__Data excerpt__:
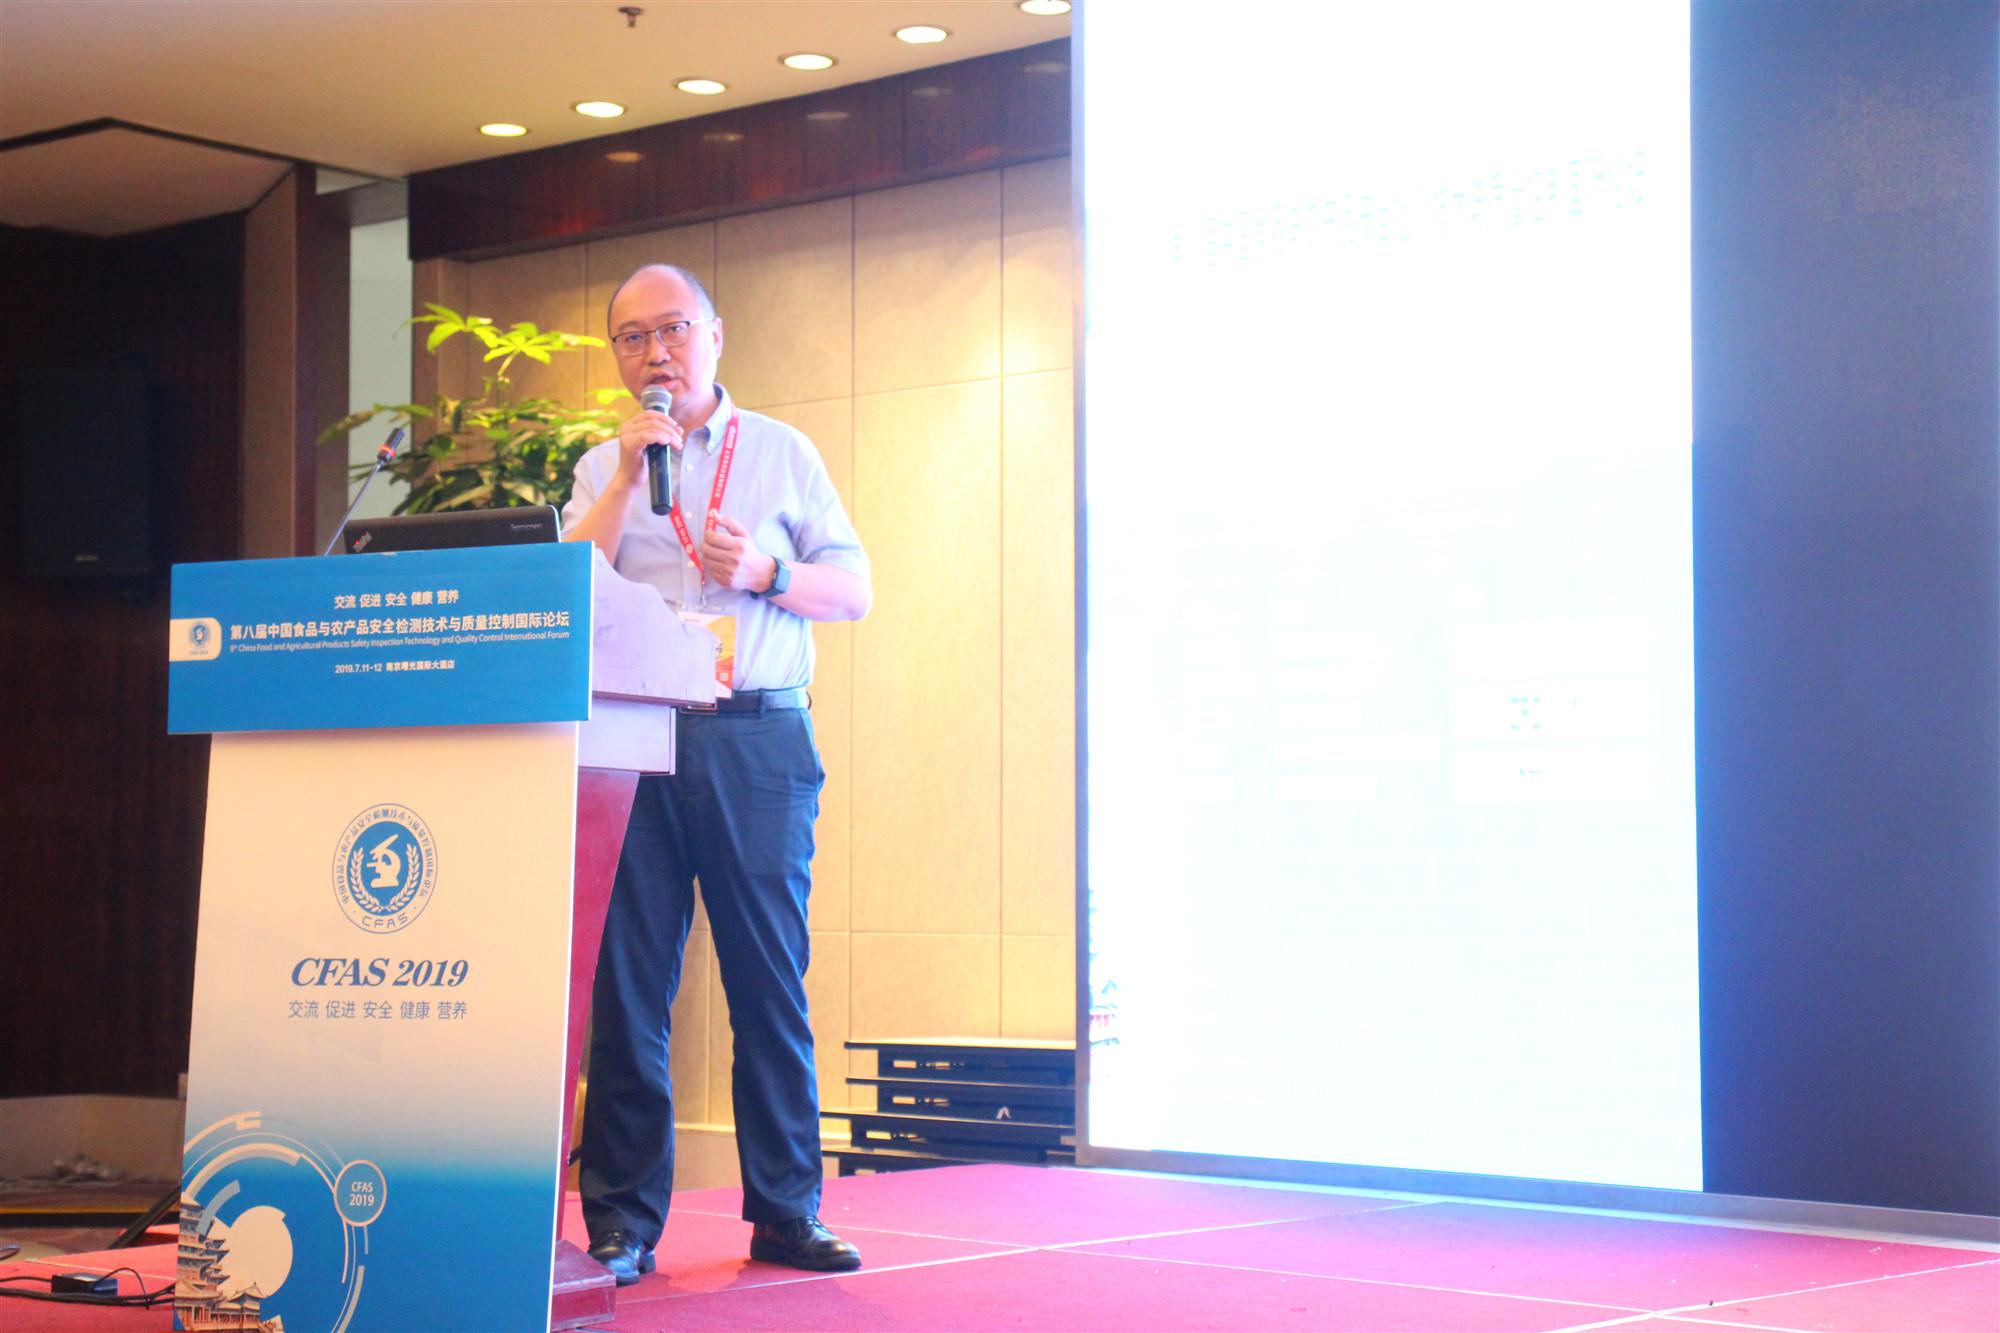 许丹科:可视化生物芯片技术在食品农产品检测中新进展
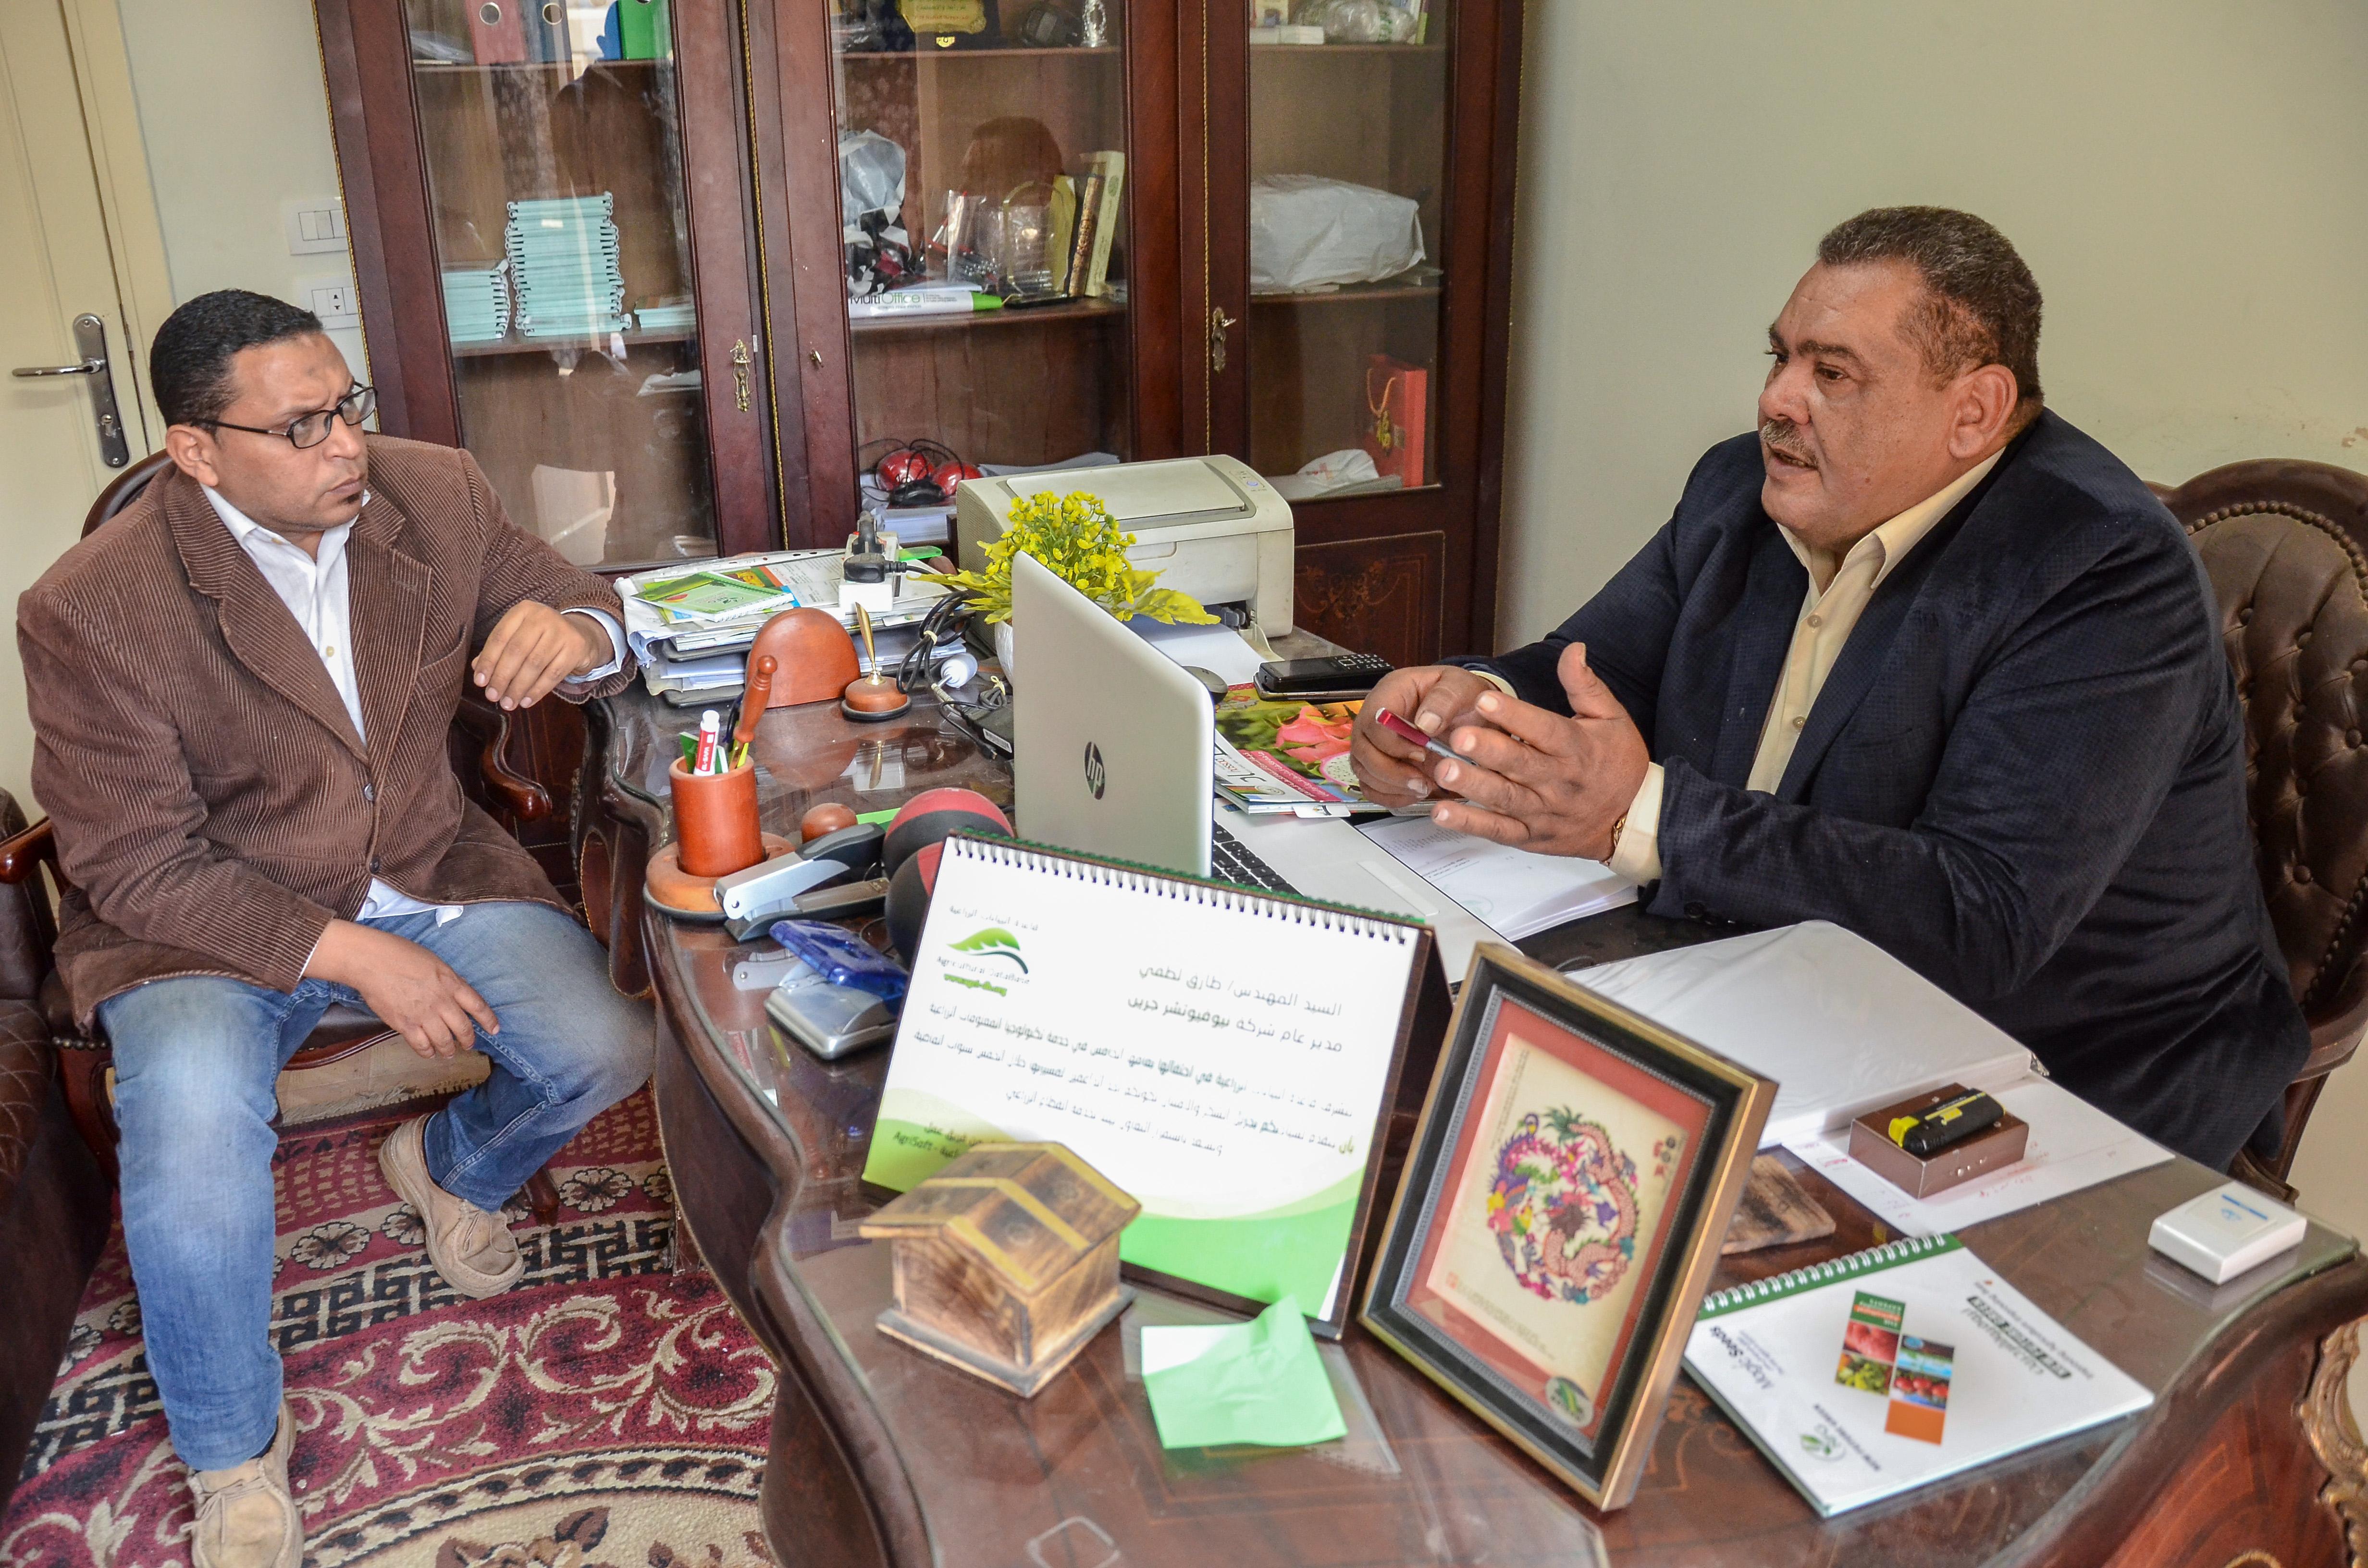 صورة مدير عام  نيوفيوتشر جرين : نهدف لخدمة صغار المزارعين وتوفير منتج مصري بسعر مناسب
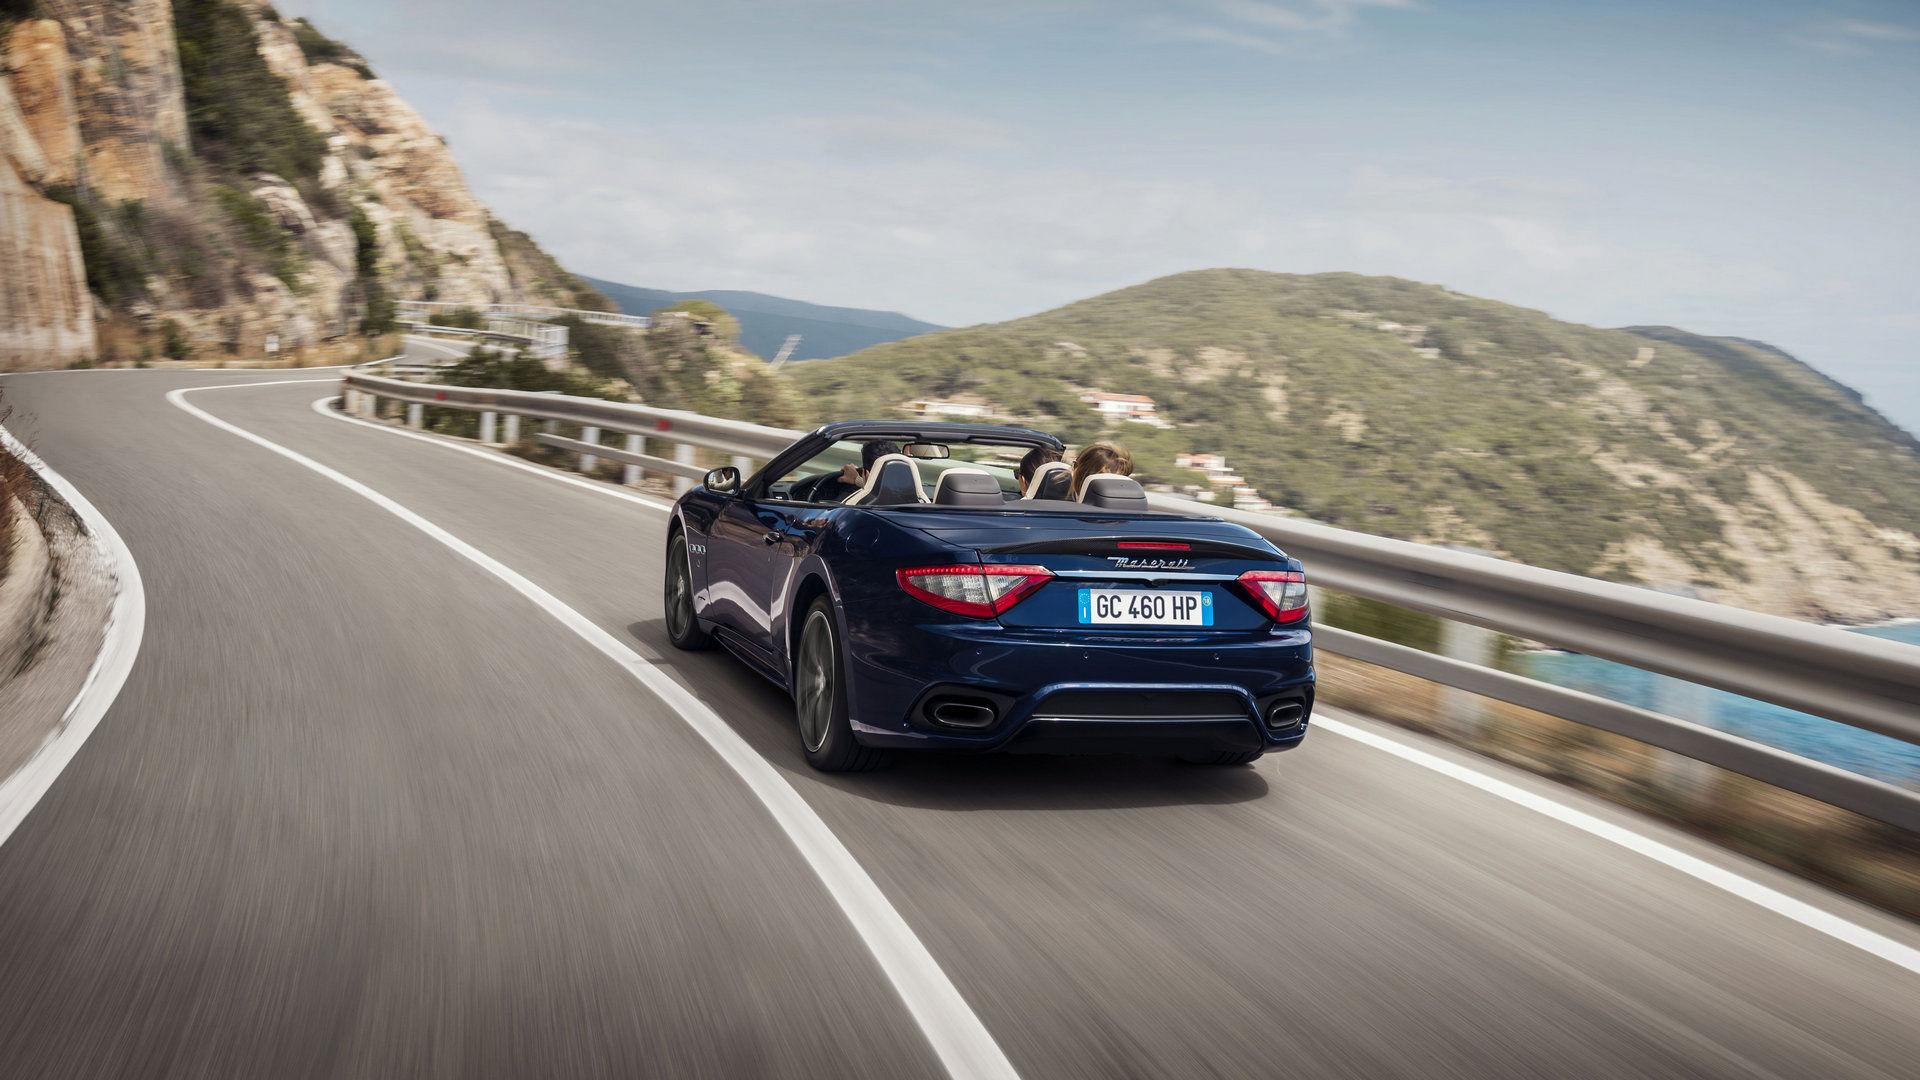 Maserati GranCabrio - Fahrender Maserati GranCabrio
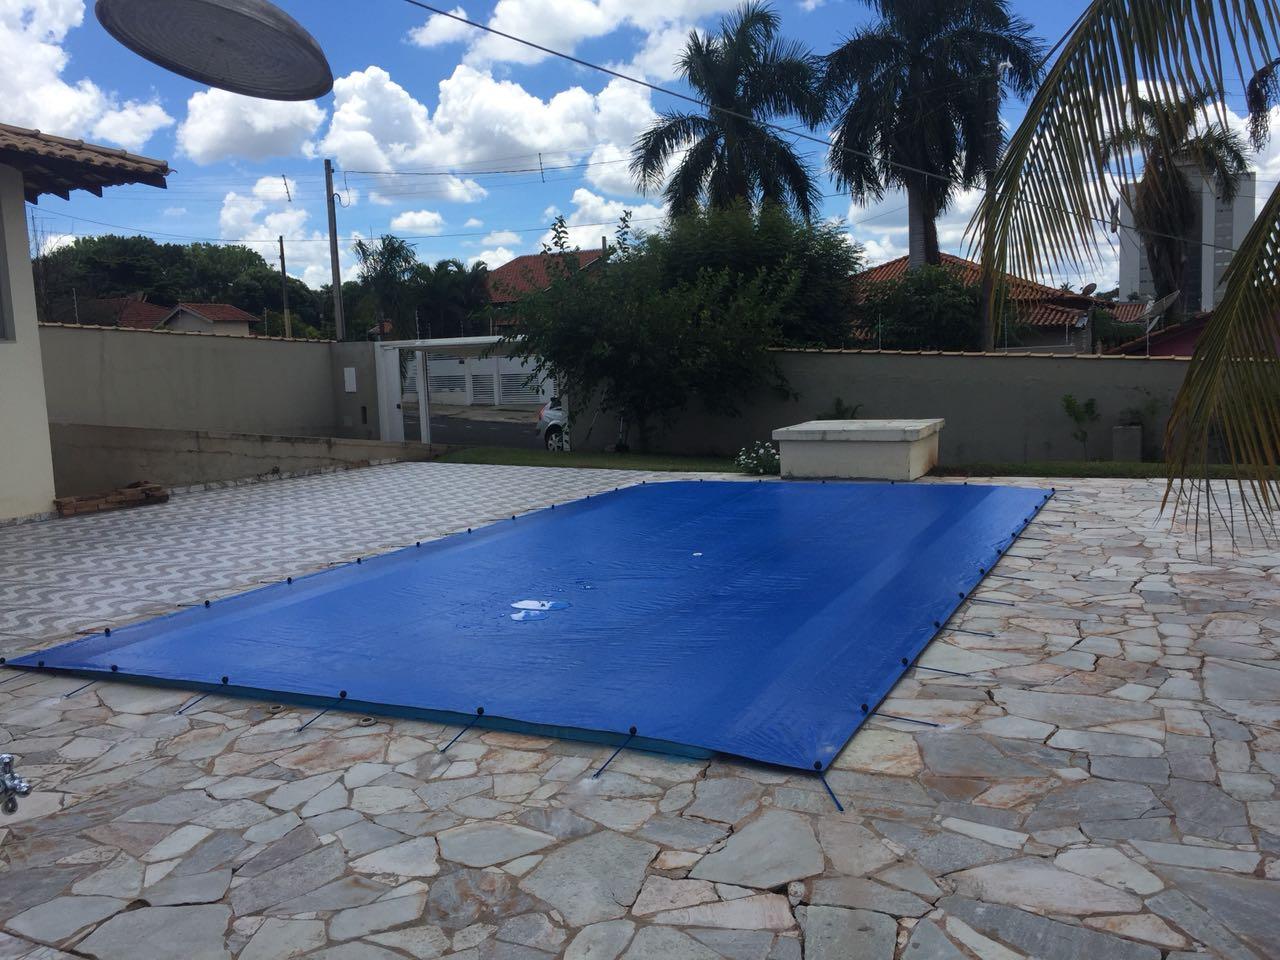 Capa para Piscina Proteção Azul 300 Micras - 8x4,5

__Work instruction__: Set down all of the material word for word, minus its pictures.

__Written reply__:
 许丹科:可视化生物芯片技术在食品农产品检测中新进展
 صورة مدير عام  نيوفيوتشر جرين : نهدف لخدمة صغار المزارعين وتوفير منتج مصري بسعر مناسب
 Maserati GranCabrio - Fahrender Maserati GranCabrio
 Capa para Piscina Proteção Azul 300 Micras - 8x4,5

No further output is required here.